'Dozens' being investigated over Post Office scandal
- Published
Police investigating crimes linked to the Post Office Horizon IT scandal are looking at "dozens" of potential suspects, but don't expect trials to begin until 2027.
Police are investigating possible crimes by Post Office and Fujitsu employees and external lawyers, following the wrongful prosecution of hundreds of subpostmasters after faulty Horizon software said money was missing from their Post Office branch accounts.
Three suspects have already been interviewed under caution and there are plans to interview others next year, according to police.
But no one will be charged until officers have read the final report from the separate public inquiry, almost 30 years after concerns were first raised.
'Taken its toll'
Lee Castleton, a sub-postmaster from Bridlington, near Hull, who was bankrupted in 2004 after losing a two-year battle with the Post Office over Horizon, said: "I can't understand why it's taken so long, I can't understand why things are having to be gone over and over and over... But you know, never give in, we'll get there."
Former sub-postmistress Seema Misra was wrongly found guilty of theft and false accounting in 2010, and sent to prison while eight-weeks pregnant.
She welcomed the update on the criminal investigation as "a step forward", adding that "at least things are going in the right direction now – hopefully."
She said it had already been a long wait for her and other victims of the scandal, which she described as having "taken its toll".
"Did we expect it to take this long?
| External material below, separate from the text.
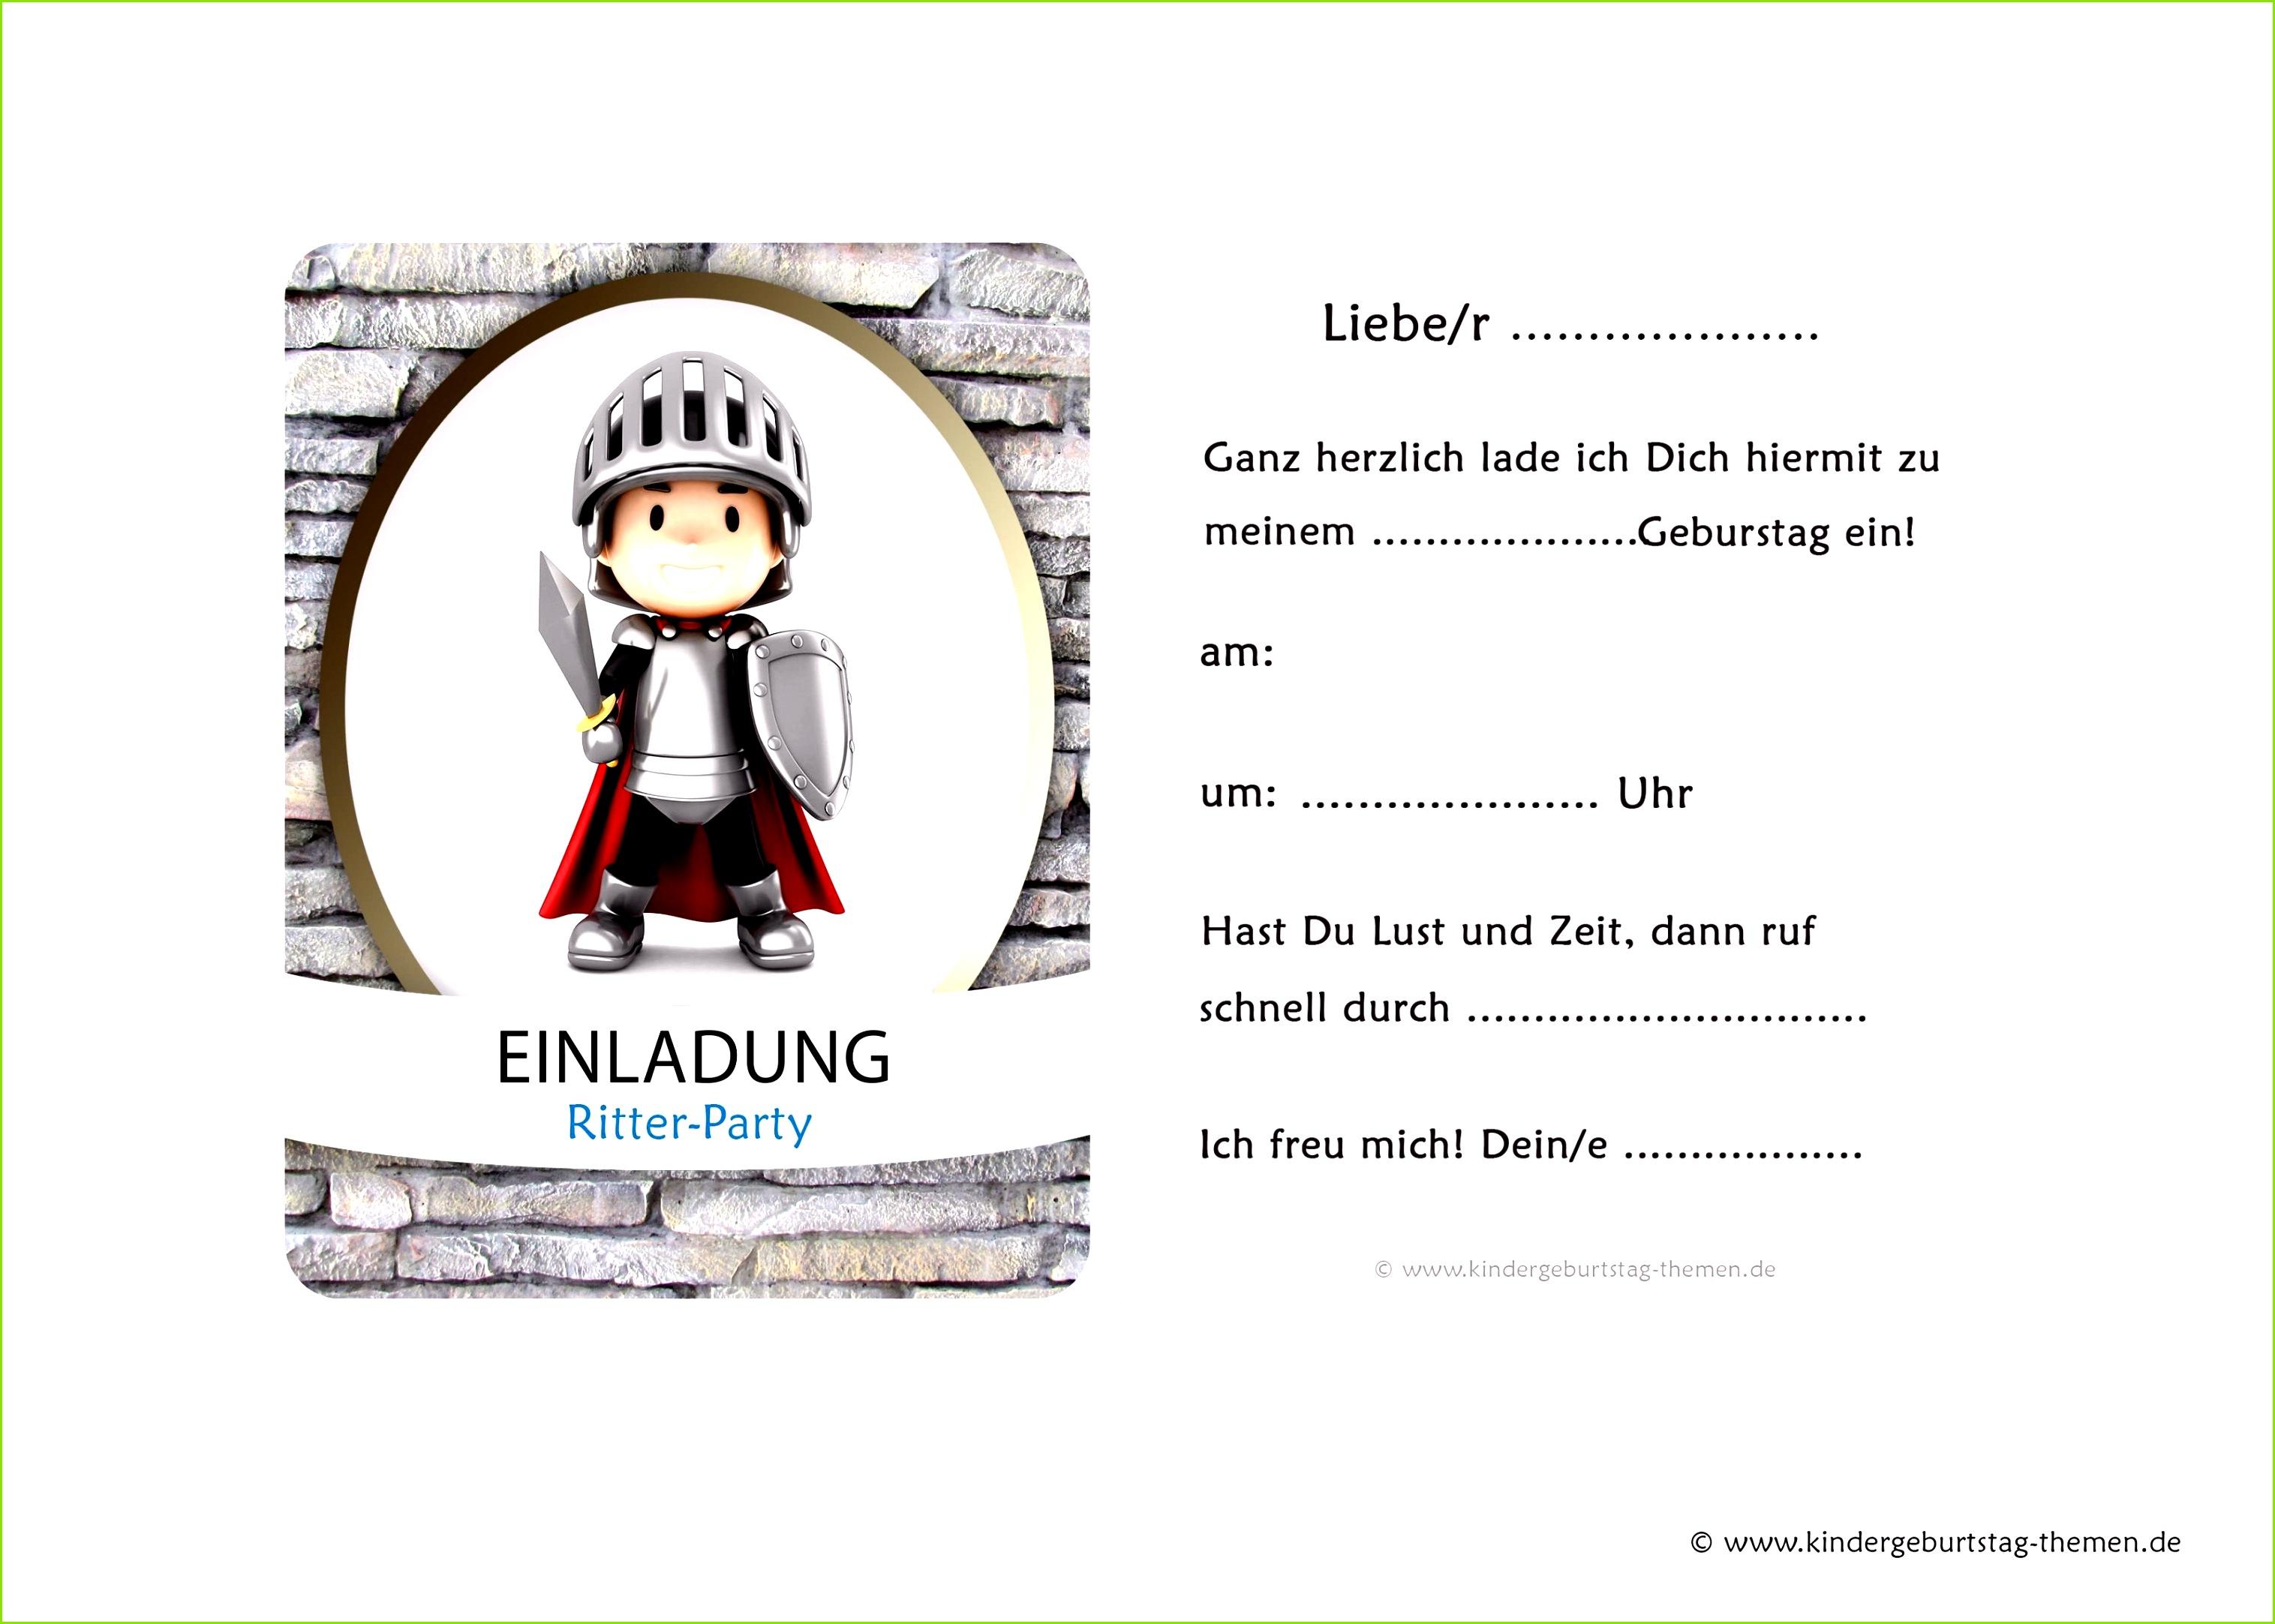 Einladung Kindergeburtstag Junge Beste Von Einladung Kindergeburtstag originell originelle Einladungskarten 0d Schön Einladung Kindergeburtstag Junge

No," she said. "We wanted it to be done sooner, rather than later."
The first media reports of Horizon problems were published by Computer Weekly in 2009. Alan Bates and his fellow sub-postmasters' won the first of their two High Court victories in March 2019, eight years before the first criminal trials are set to begin.
Some 100 officers from around England and Wales are now working on what they've called Operation Olympos, which began in 2020. The investigation will be led by the Metropolitan Police in London, while Police Scotland, the Police Service of Northern Ireland and National Crime Agency are also involved.
Commander Stephen Clayman said the scale of the investigation was "unprecedented".
"We have got, we think, over 3,000 people affected in some way, by Horizon. So it's huge and we have got to put in a commensurate number of officers, to start moving it at pace," he said.
The first phase of the investigation will focus on those making "key decisions" on investigations and prosecutions, looking at possible offences of perjury and the serious offence of perverting the course of justice.
A second phase will cast the net wider, potentially taking in senior post office executives.
Work is already underway on building some of the cases, and police are in regular dialogue with the Crown Prosecution Service.
The first trials may involve cases from either phase, police said, but timescales and the numbers of potential suspects could change as more evidence is gathered.
Officers are already working with 1.5 million documents in the case and expect this number to grow.
The investigation has also launched an online portal to allow sub-postmasters and others to submit evidence to the investigation.